Overview of patent infringement

Overview of patent infringement

OVERVIEW OF PATENT INFRINGEMENT

Patent infringement is the payment of an illegal act with respect to a patented invention without authorization from the patent holder. Permission may usually be granted in the form of a license. The description of patent infringement may vary by authority, but it normally includes using or selling the patented innovation. In many countries, a use is requisite to be marketable (or to have a commercial purpose) to comprise patent infringement.

The capacity and future of the patented invention or the degree of protection is defined in the claims of the granted patent. In other words, the provisions of the claims notify the public of what is not acceptable without the agreement of the patent holder.

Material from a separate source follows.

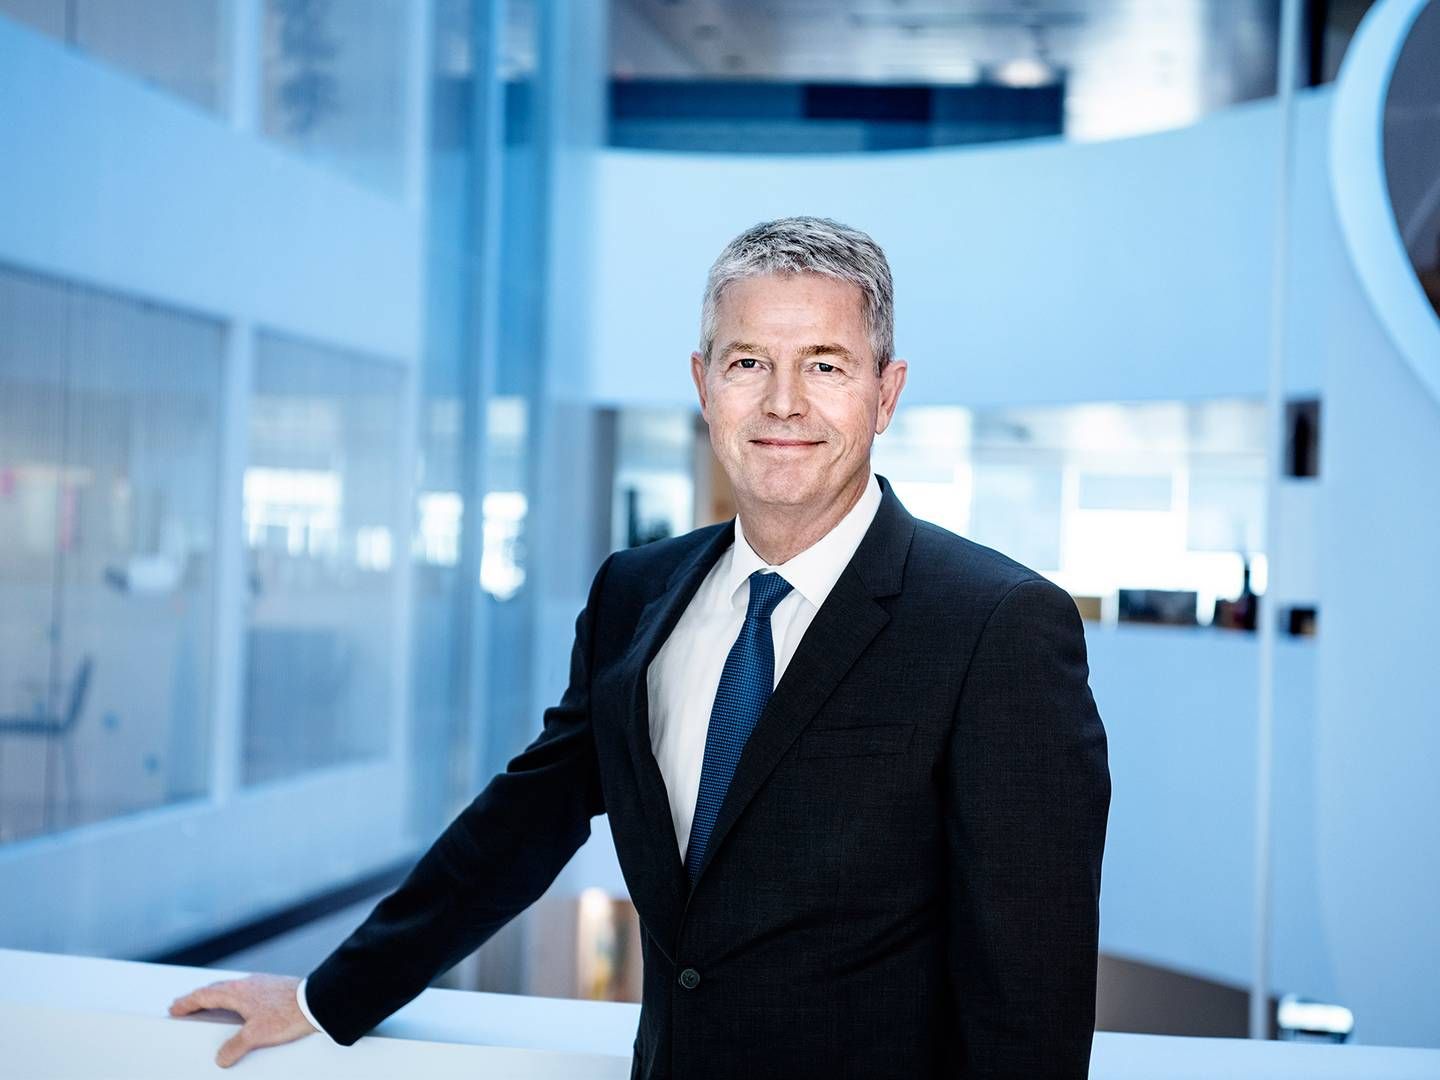 Hasse Jørgensen has been CEO of the pension company Sampension since 2010. | Foto: Pr/sampension

Patents are protective and territorial, so infringement is only possible in a state where a patent is in force. For example, if a patent is filed in the United States, then any person in the United States is outlawed from making, using, selling or importing the patented item, while people in other countries may be free to create the original item in their country. The extent of protection may vary from country to country, because the patent is examined by the patent office in each country or region and may have some distinction of patentability, so that a granted patent is easier said than done to implement worldwide.

Elements of Patent Infringement

Typically, any person or party which manufactures, imports, uses, sells, or offers for sale patented technology, during the term of the patent and within the country that issued the patent, is measured to infringe the patent.

The examination varies from country to country, but in general it requires that the infringing party's product (or method, service, and so on) falls within one or more of the claims of the patent. The procedure employed involves "reading" a claim onto the know-how of interest. If all of the claim's elements are found in the technology, the claim is said to "read on" the knowledge if a single element from the claim is missing from the technology, the claim does not literally read on the knowledge and the know-how does not infringe the patent with respect to that claim.

In response to allegations of infringement, an accused infringing party will normally assert one or more of the following:

1. it was not practicing the patented invention;

2. it was not performing any infringing act in the region covered by the patent;


3. the patent has expired;

4. the patent is invalid, because the invention in question does not meet patentability or includes a formal imperfection, rendering the patent invalid or unenforceable;

5. it has obtained a certify under the patent;

6. the patent holder is infringing patent rights belonging to the accused infringing party, and the party may decide the dispute in resolution or cross-licensing.